AUTOMATION TESTING - Technology SELENIUM L1

Question.
While using the accessor commands, if you want to initialize a variable and assign a value onto it, then we could use the
a) store command
b) init command
c) echo command
d) create command

Answer: store command

Question.
Which pane of the Selenium IDE provides the insight of current execution in the usage and form of messages and assists us to debug the concerns in case test case if execution fails?
a) Address Bar Pane
b) Test Case Pane
c) Log Pane
d) Error Pane

Answer: Log Pane

Question.
Each Selenium IDE test step can be divided into 3 components. What are they?
a) Command, Value, and Type
b) Command, Target, and Type
d) Command, Type, and Value
d) Command, Target, and Value

Answer: Command, Target, and Value

Question.
What would be correct selenese command, target and value if we want to enter the value 'steve@gmail.com' for id=email ?
a) Command -> enter Target -> id=email Value -> steve@gmail.com
b) Command -> enter Target -> steve@gmail.com Value -> id=email
c) Command -> type Target -> steve@gmail.com Value -> id=email
d) Command -> type Target -> id=email Value -> steve@gmail.com

Answer: Command -> type Target -> id=email Value -> steve@gmail.com

Question.
Every action/command that we use in the Selenium IDE is internally designed and developed as a function of
a) HTML function
b) Java function
c) XML function
d) JavaScript function

Answer: JavaScript function

Question.
Selenium IDE has a color coding component for reporting purpose. When the execution is done, what color is the test case marked in to signify the successful run of it?
a) Red
b) Purple
c) Blue
d) Green

Answer: Green

Question.
Which option of Selenium IDE can be used to ascertain that the locator value provided in the Target text box is indeed correct and identifies that designated web element on the GUI?
a) Search button
b) Find button
c) Select button
d) View button

Answer: Find button

Question.
Which of the statements describe assertTitle and verifyTitle commands correctly?
a) assertTitle will check that the title value has to be correct. Otherwise, it fails and it ends the play of other added steps. On the other side verifyTitle will check that the title value has to be correct, but if incorrect, it marks it as failed but proceeds with other steps

b) assertTitle or verifyTitle works the same way to check whether the title value is correct. There is no difference between them.
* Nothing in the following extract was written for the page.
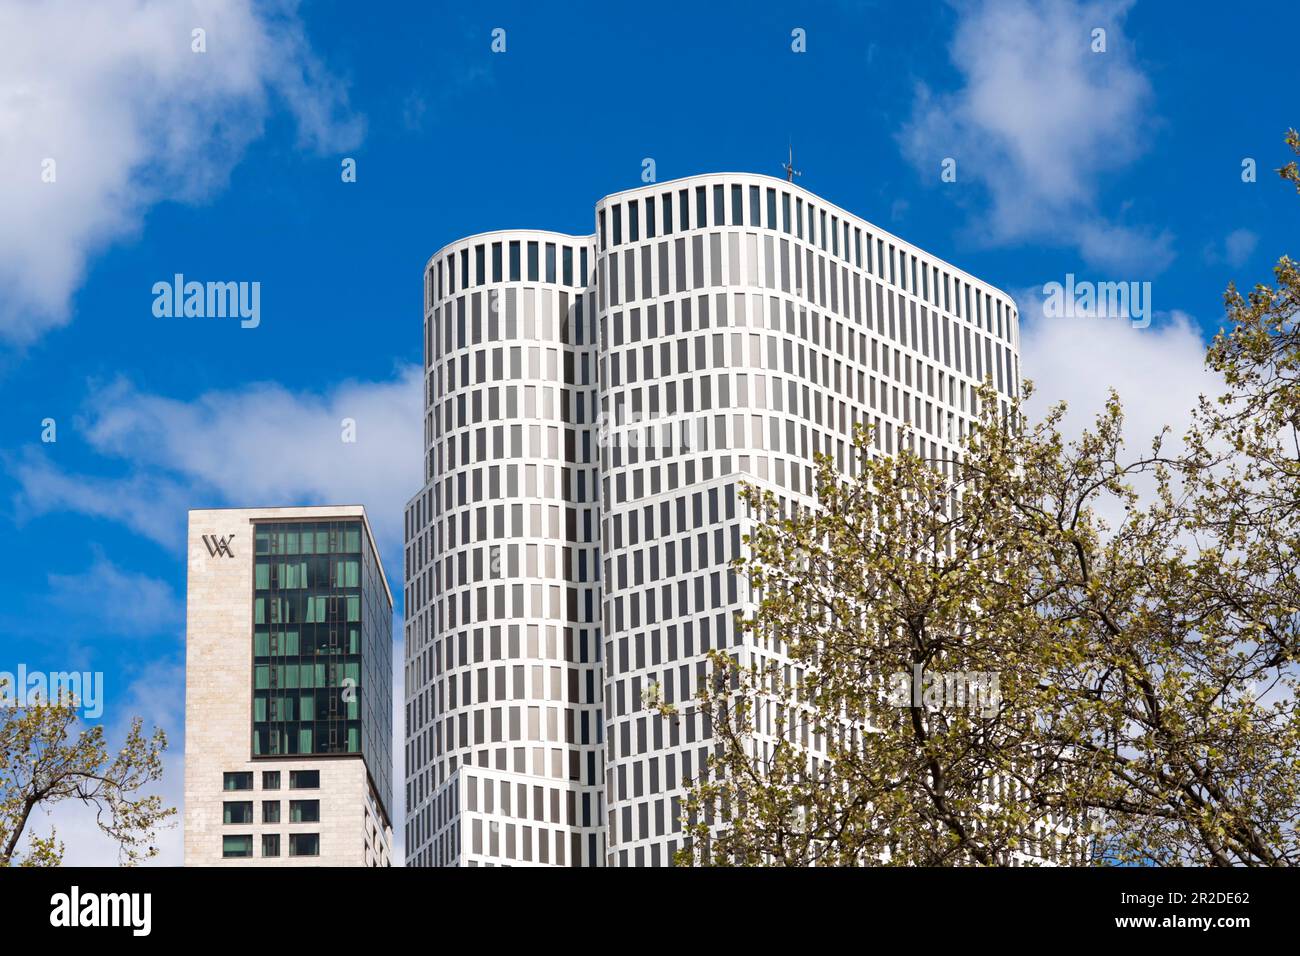 Hotels Upper West and Waldorf Astoria in Berlin, Germany Stock Photo
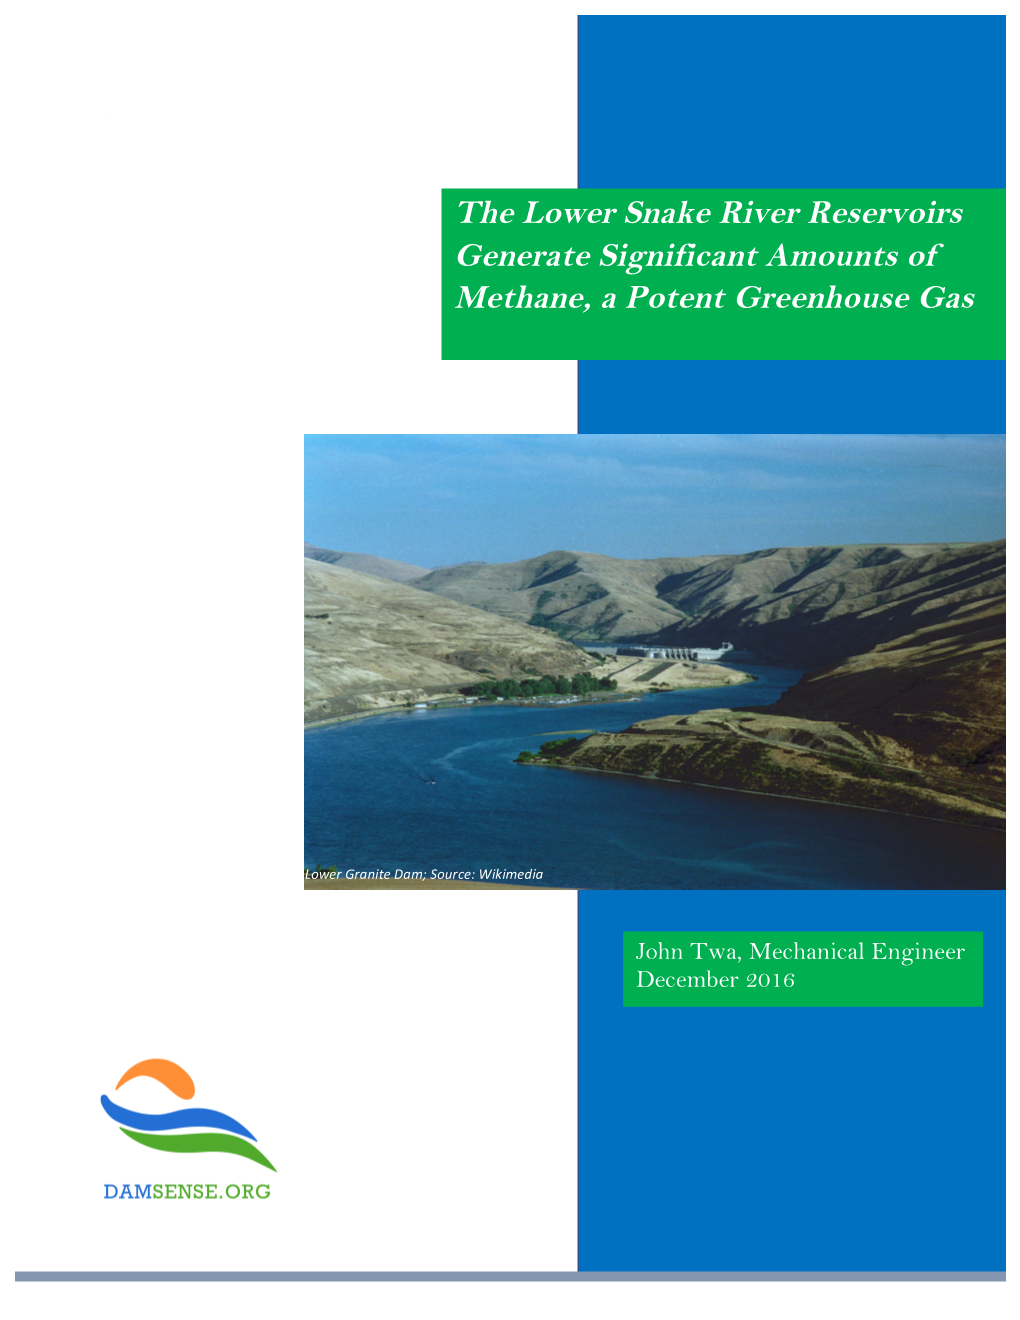 The Lower Snake River Reservoirs Generate Significant Amounts of Methane, a Potent Greenhouse Gas

c) assertTitle will check that the title value has to be correct. Otherwise, it marks it as failed but proceeds with other steps. On the other side, verifyTitle will check that the title value has to be correct. Otherwise, it terminates the play of other steps.

d) assertTitle checks whether web page title is correct whereas verifyTitle checks whether the web application title is correct

Answer: assertTitle will check that the title value has to be correct. Otherwise, it fails and it terminates the play of other steps. On the other side verifyTitle will check that the title value has to be correct, but if incorrect, it marks it as failed but proceeds with other steps

Question.
Which of the below is NOT an advantage of automated testing?
a) High ROI
b) Improves accuracy
c) Attended execution
d) Reduces human generated errors

Answer: Attended execution

Question.
Which of the options given is an 'Action' type of command of Selenese?
a) assertTitle
b) click
c) verifyTitle
d) waitFor

Answer: click

Question.
The technique or method used by the Selenium IDE to find and access a particular element on your web page is called
a) Recording technique
b) Playback technique
c) Locator strategy
d) User Experience strategy

Answer: Locator strategy

Question.
Custom made commands that we could create as a JavaScript function can extending the Selenium IDE by adding
a) Parameters
b) User Extension
c) File Logging Extension
d) Firebug Extension

Answer: User Extension

Question.
Which of the below is NOT a feature of Selenium?
a) Commercial
b) Has different products in its suite
c) Supports multiple language implementations
d) Supports multiple platforms

Answer: Commercial

Question.
Selenium IDE is implemented as a plug-in of
a) Google Chrome browser
b) Opera browser
c) Microsoft Edge browser
d) Firefox browser

Answer: Firefox browser

Question.
Which of the statements about the Selenese commands is FALSE?
a) All the selenese commands take mandatorily 2 arguments
b) Commands can be of action type, accessor type or assertion type
c) Commands of Selenium remain internally applied as JavaScript functions
d) Commands help us to perform some test steps

Answer: All the selenese commands take mandatorily 2 arguments

Question.
Which of the possibilities is NOT a dis-advantage of Selenium IDE?
a) No support for iterations and conditional statements
b) No logging capabilities
c) No test script dependencies and grouping possible
d) No database testing

Answer: No logging capabilities

Question.
The Selenium IDE commands can be categorized mainly into 3 categories. What are they?
a) Actions, Renderers, Viewers
b) Actions, Accessors, Assertions
c) Actions, Recorders, Playback
d) Do, view, get

Answer: Actions, Accessors, Assertions

Question.
Which Selenium IDE plug-in is required to enable the tester to save log messages into an external file?
a) Debugger plugin
b) File Logging plugin
c) Log Metrics plugin
d) Error Metrics plugin

Answer: File Logging plugin

Question.
Which of the choices provided is NOT Custom made commands that we might
a) Selenium IDE runs recording and playback feature for ease of creating test cases
b) Selenium IDE delivers several selenese commands to help create test cases easily
c) Selenium IDE needs us to write functionalities in Java or any other programming language
d) Selenium IDE supports logging execution messages to external log files if required

Answer: Selenium IDE requires us to write functionalities in Java or any other programming language

Question.
The Selenese command that can be used to check if the application title is correct or not is
a) assertTitle
b) assertAppTitle
c) assertValidTitle
d) assertValidAppTitle

Answer: assertTitle

Brief about Book Library Data Warehouse System

Topic: BOOK LIBRARY
Subject: DATA WAREHOUSE
Prepared by: Sumit

Q1) Identify the business processes of interest to senior management in the industry (domain) allocated to your group.
Answer)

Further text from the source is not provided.